Later that week (12th-16th), he was told that since he was on profile and wouldn't be able to do the upcoming training that was required to graduate, that he wouldn't be able to retake the test. They told him he was going to be a restart and that he was going to be put on quarters til his foot healed.
Quarters, when he is stuck to his room til his foot either A) gets better B) rots off. So basically, he gets to go crazy stuck in his room all day ever day. Can you say cabin fever?
He had a doctors appointment this morning to see how his foot is healing. Hopefully the doctor thinks it's getting better and allows him to go back to class. This whole 'not knowing when the next time I'll see my husband is' thing is fairly irritating. If they tell him he can go back to class...hopefully he will find out where he is at in his training. Whether they are going to restart him from the beginning or wait til an upcoming class reaches where he is at.

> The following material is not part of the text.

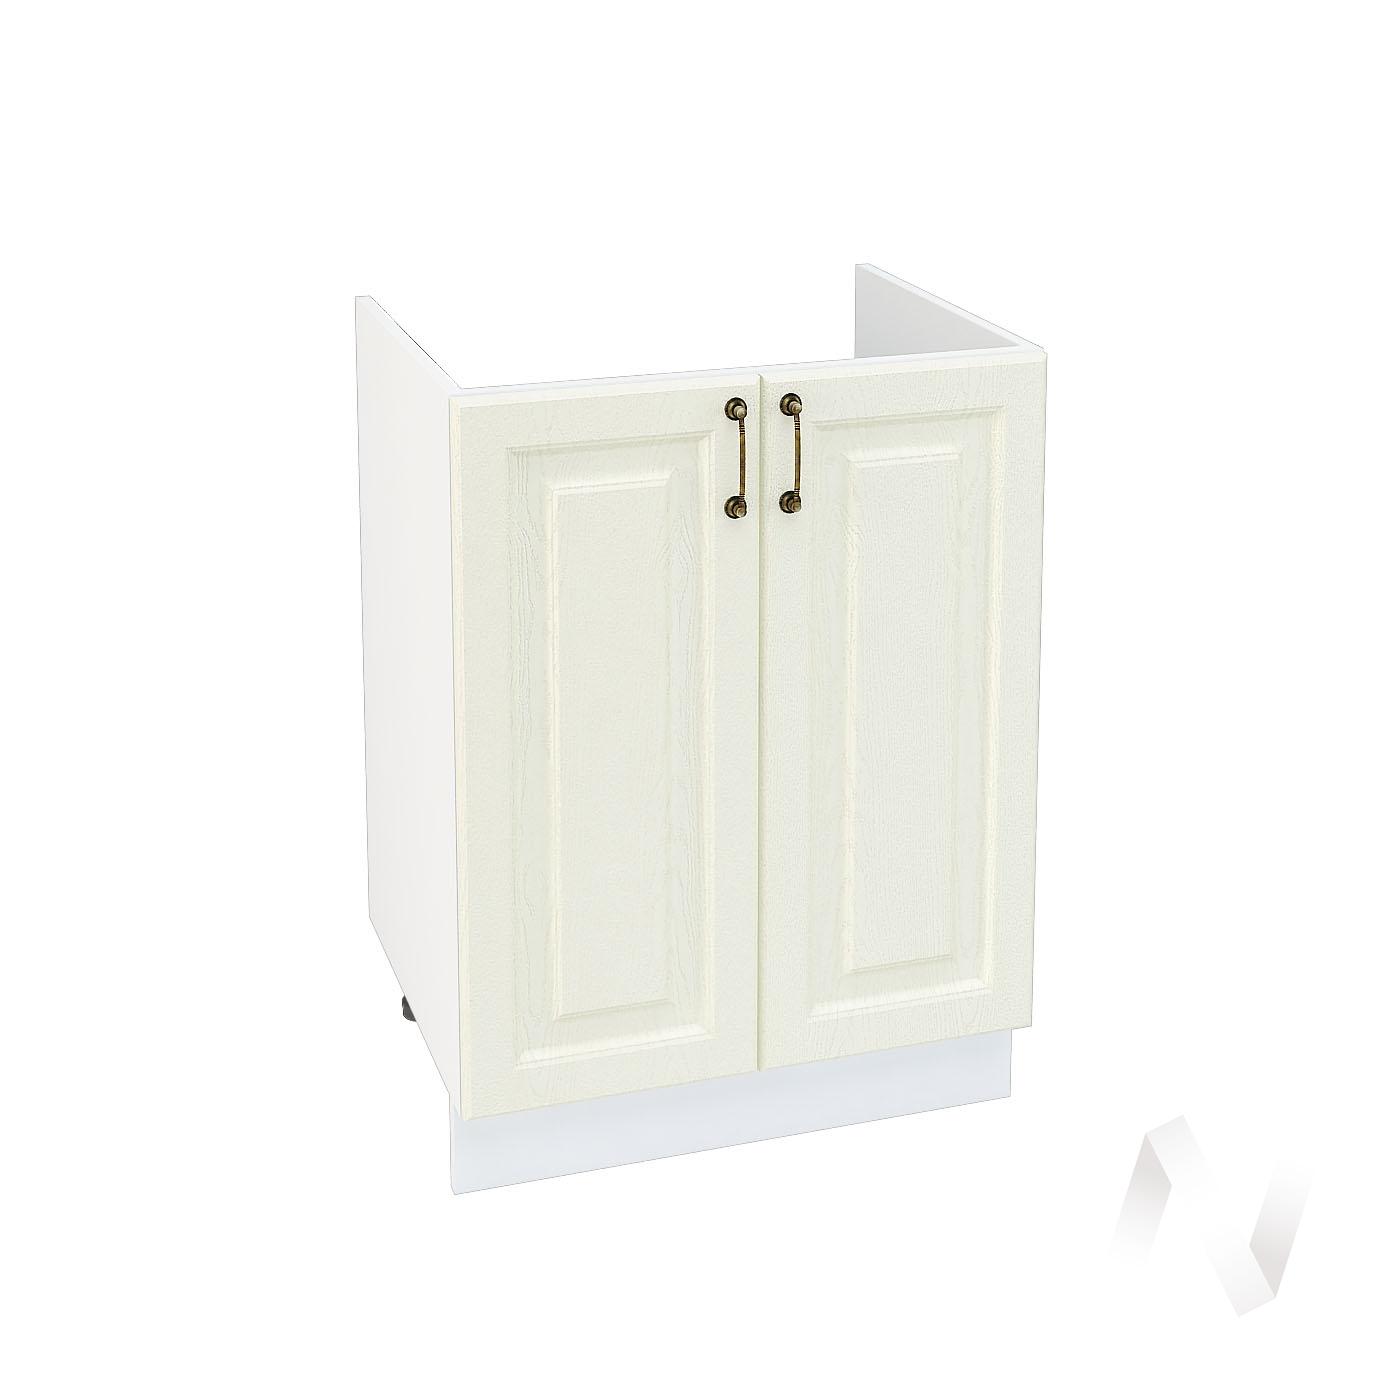 "Кухня ""Ницца"": Шкаф нижний под мойку 600, ШНМ 600 (Крем/корпус белый)"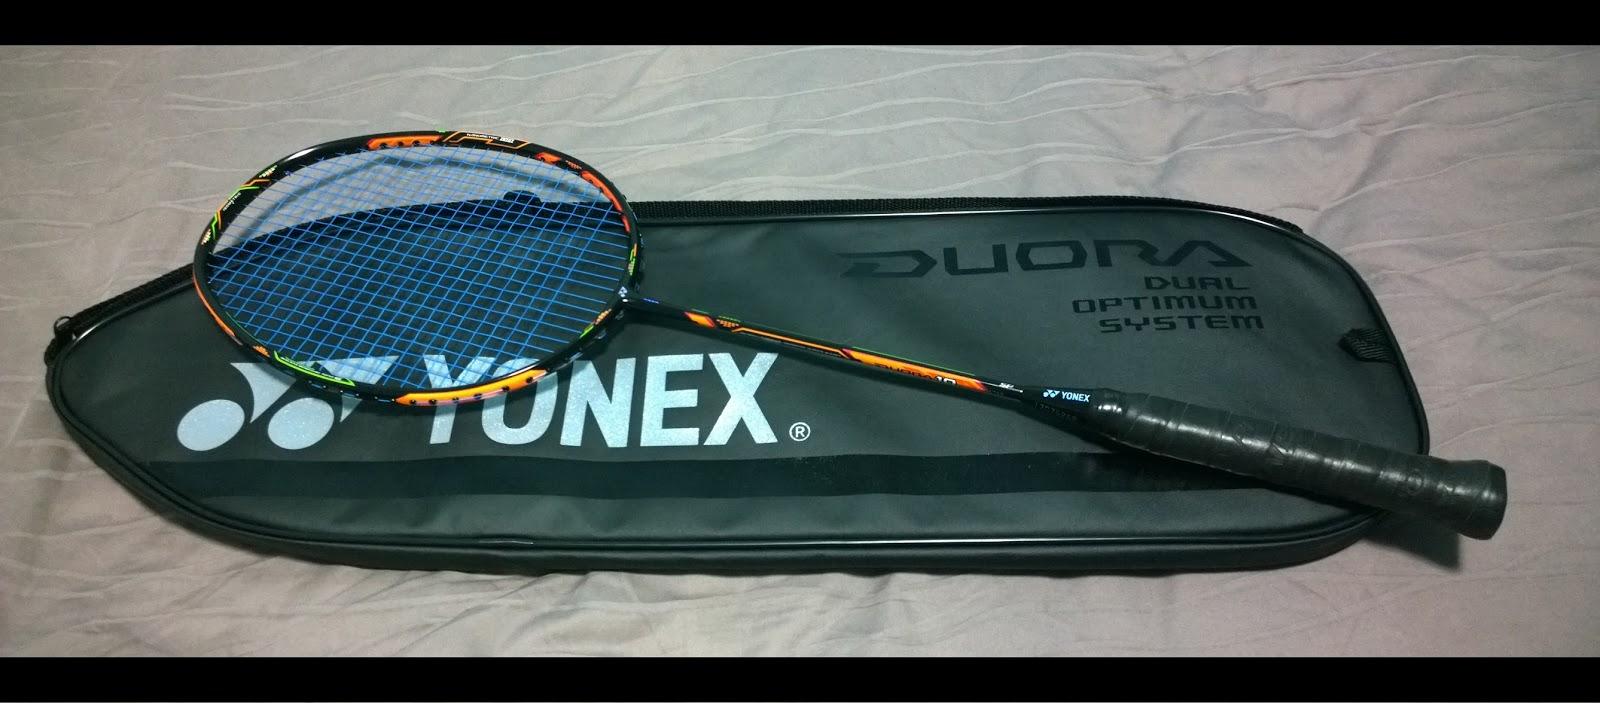 Of badminton things: Badminton Racket New Launch: Yonex ...

I'm not expecting him to graduate before November to be honest. If he does graduate in November like I'm expecting..that means by the time he is done with training..he will have been gone from us, the length of a deployment. No, I'm not saying it's like a deployment, for very obvious reasons, but the time apart and not living and functioning as a family..will be the same. They are being told to expect deployment within 90 days of graduation, if that is the case..we will have been apart for a year, together for three months, then he'll be gone for another year.
The reality of that possible situation is slowly sinking in. The silver lining in all of this is that Tim has non-deployable status longer since he'll be in training longer..and that he's knocking more time off his contract being in training.